Lo primero que nos asaltó fue el olor. En los lugares donde ha habido un brote, uno se topa con un hedor que no se encuentra en ningún otro lugar. Los investigadores llevan años intentando dilucidar por qué seguimos percibiendo el olor de la infección aun cuando el virus ha sido declarado eliminado, y no han tenido más remedio que aceptar la conclusión de que se debe a que compartimos el mismo sentido viral que permite a los zombies reconocerse entre sí, sólo que en nosotros actúa, por así decirlo, en una escala olfativa menor. Gracias a él, los zombies no intentan matar a los zombies que tienen a su alrededor, a no ser que lleven semanas sin comer, mientras que los vivos podemos determinar el origen de un brote. Probablemente se trate de otra función práctica del virus que dormita plácidamente dentro de nuestros cuerpos, si bien nadie puede asegurarlo a ciencia cierta. Todavía no se ha podido explicar el olor, al menos en toda su extensión. Es un olor a muerte, y al percibirlo hasta el último centímetro del cuerpo está diciéndote: «sal corriendo». Y nosotros, como una panda de estúpidos, no le hacemos caso.

Cuando la puerta de la zona de comederos se cerró, el resto de la cuadra quedó sumida en la misma penumbra que me había rodeado en la caballeriza anterior.

—George, Rick, encended las luces —indicó Shaun.

Tuve tiempo de protegerme los ojos con el brazo antes de que se encendieran las luces del techo.

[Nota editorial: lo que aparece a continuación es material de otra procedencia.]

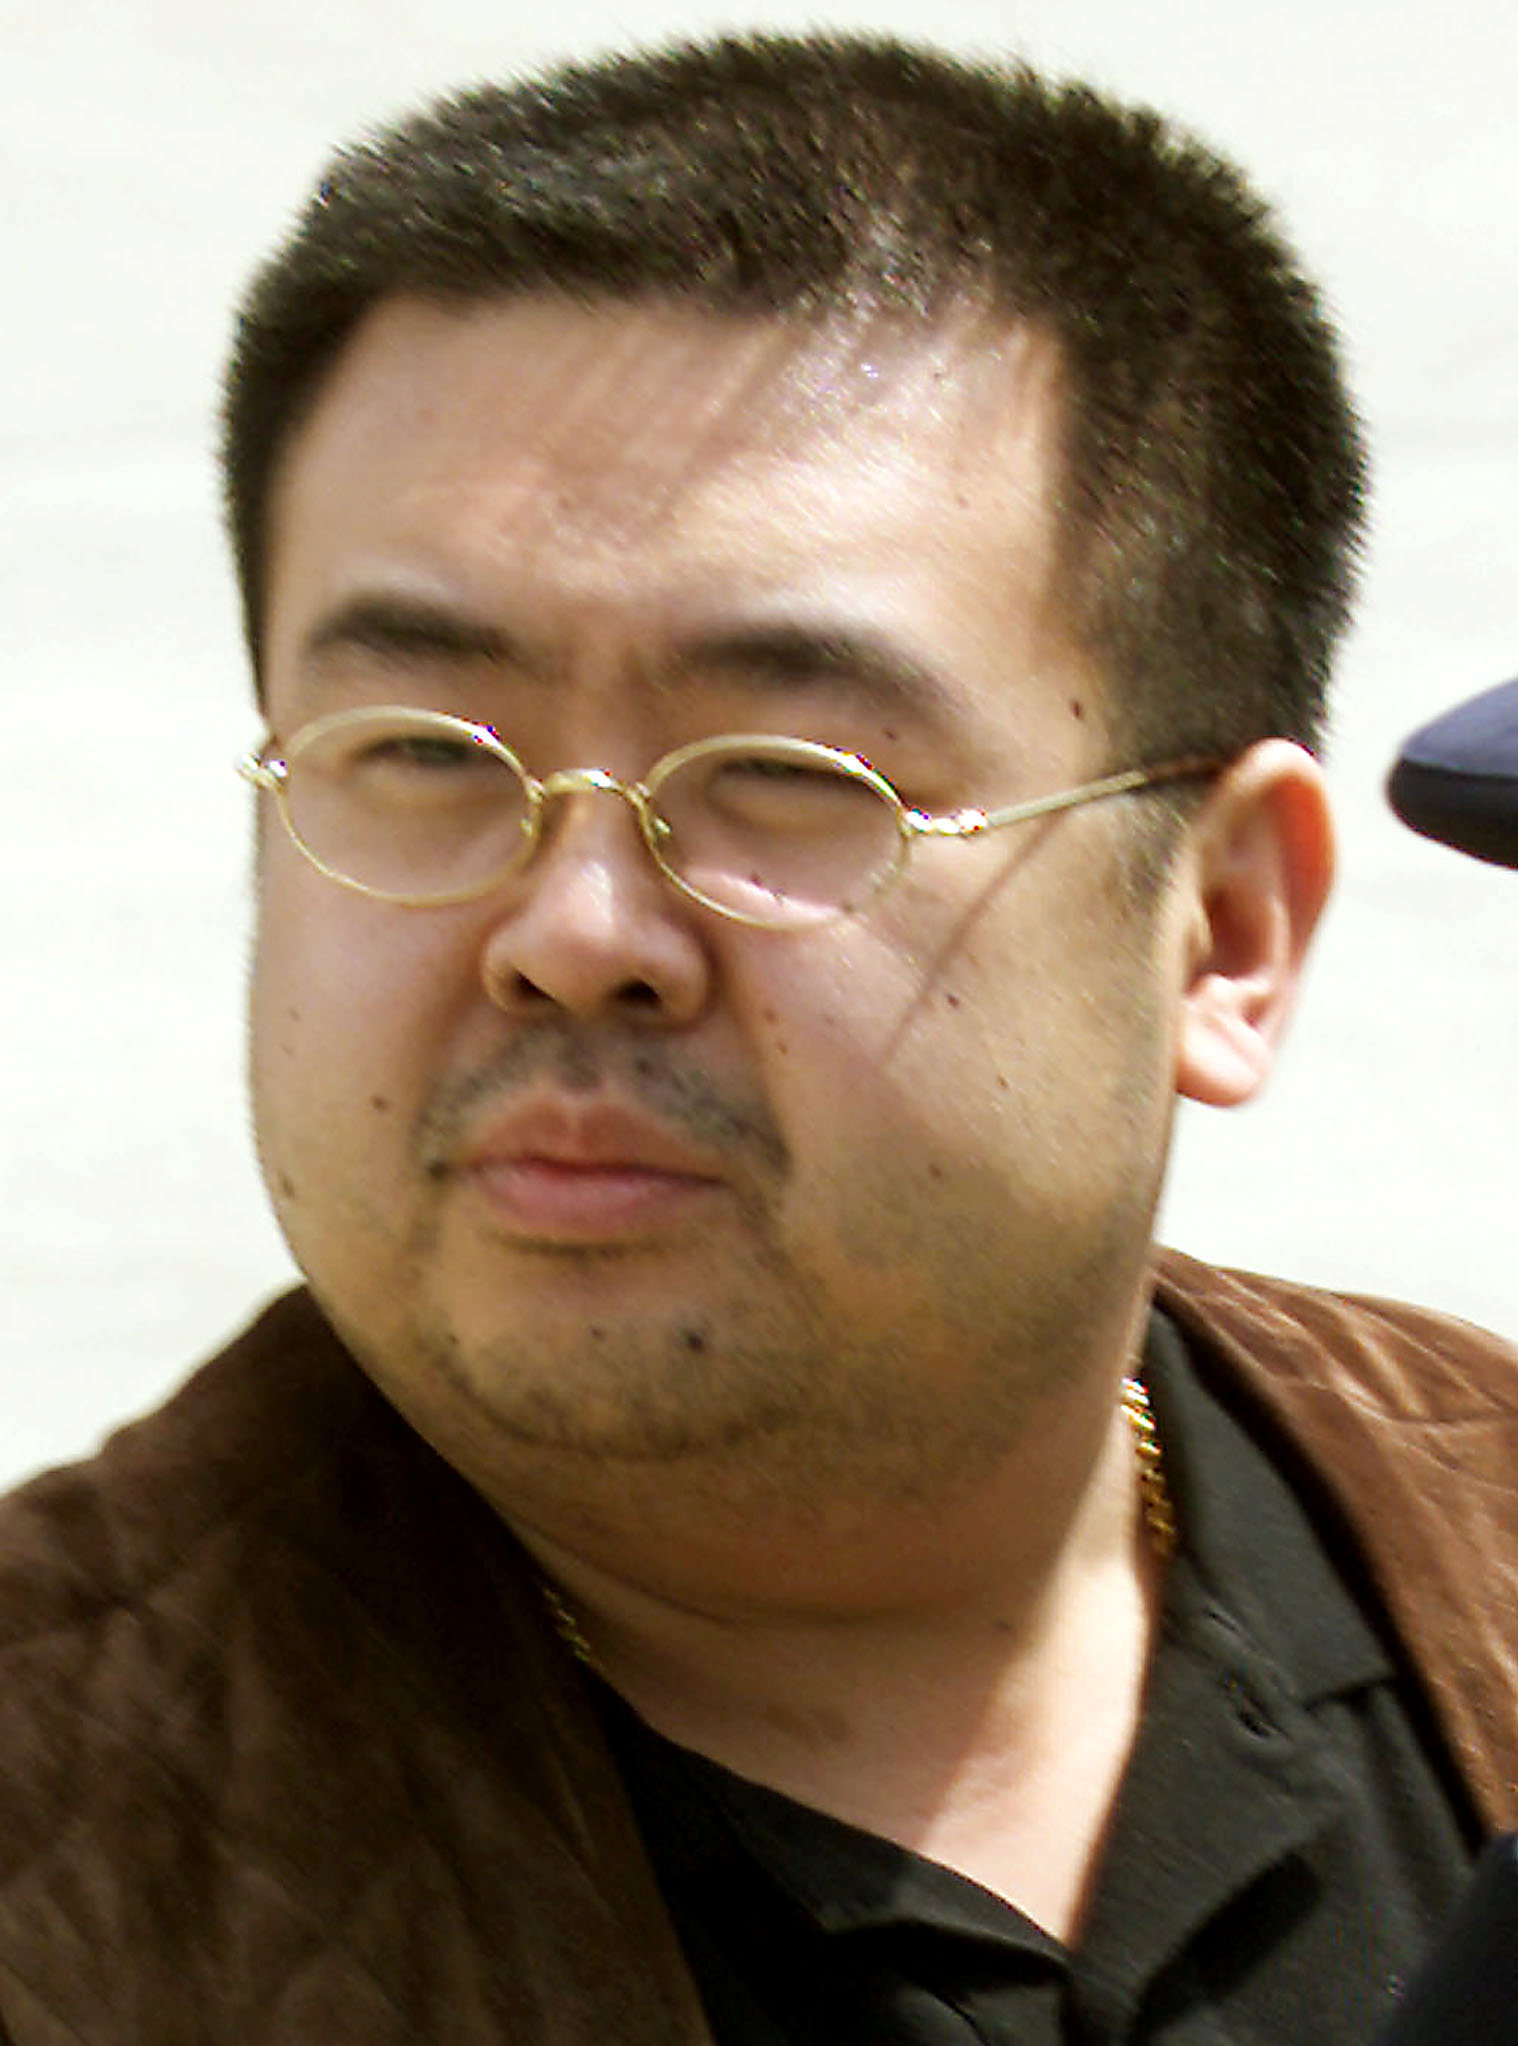 Kim Jong Nam, hermano del líder norcoreano, Kim Jong-un

Me llegó un débil ruido de arcadas procedente de Rick, y a continuación lo oí vomitando en un lugar indeterminado detrás de mí. No me sorprendió en absoluto; en estos paseos, todo el mundo acaba sacando la primera papilla, al menos una vez…, yo misma lo había hecho. Cuando hubo pasado el tiempo necesario para que los ojos se ajustaran al límite de su capacidad, bajé el brazo. Lo que vi ante mí era puro caos. La cuadra de partos ya me había parecido un lugar macabro, pero comparada con ésa no era más que un puñado de manchas extrañas y un montón de gatos muertos; aquí también había cadáveres de gatos tirados por el suelo. En cuanto a lo demás…

Lo primero que pensé fue que habían empapado de sangre toda la caballeriza; no sólo como si la hubieran manchado unos chorros, sino como si literalmente la hubieran embadurnado, como si alguien hubiera cogido un cubo de sangre y se hubiese dedicado a pintar las paredes con ella. Esa primera impresión desapareció en cuanto me fijé en que la mayor parte de la sangre se hallaba repartida en dos lugares: pintando una franja en las paredes a más o menos un metro del suelo o empapando el propio suelo, que había adquirido una docena de tonos marrones y negros, resultantes de la mezcla irregular de lejía, sangre y excrementos secos. Me quedé mirando atónita, sin pestañear, hasta que me entraron las ganas de vomitar. Hacerlo una vez estaba bien. Dos no, sobre todo delante de otra gente.

—Tienen una inscripción con el nombre de los caballos —dijo Shaun desde el otro extremo de la cuadra, donde inspeccionaba uno de los boxes—. Este se llamaba

Tristeza del Martes. ¿Qué clase de nombre es ése para un caballo?

—Les gustaba ponerles nombres relacionados con el tiempo. Piensa si no en

Buen Tiempo para la Fiebre del Oro y en

Cielo Rojo Matinal. Si en este lugar ocurrió algo extraño, encontraremos las pruebas en los boxes.

—Debajo de dos mil litros de sangre —masculló Rick.

—¡Espero que hayáis traído palas! —gritó Shaun con una jovialidad infame.

—Tu hermano es un extraterrestre —repuso Rick, con la mirada clavada en Shaun.

—Sí, pero uno de los monos —respondí—. Empieza a revisar los boxes.

Yo ya había recorrido la mitad de los boxes que se abrían a mi lado, y justo me encontraba entre

Vendaval de Dorothy y

Alerta de Huracanes cuando Rick gritó:

—¡Venid aquí! —Shaun y yo nos volvimos hacia él. Estaba señalando un box en un rincón—. He encontrado el box de

Fiebre.

—¡Genial! —exclamó Shaun. Nos acercamos a él—. ¿Has tocado algo?

—No —respondió Rick—. He preferido esperaros.

—Bien hecho.

La puerta del box colgaba de los goznes retorcidos, que habían sido arrancados desde dentro, y la madera estaba astillada y marcada con las lunas crecientes de las herraduras del caballo. Shaun silbó entre dientes.

Fiebre tenía unas ganas locas de salir de la cuadra.

—No lo culpo —dije, inclinándome hacia la puerta para examinar la madera destrozada—. ¿Shaun, llevas puestos los guantes? ¿Puedes abrirla?

—A ti te daría el mundo entero… o al menos te abriría la puerta de una cuadra nauseabunda.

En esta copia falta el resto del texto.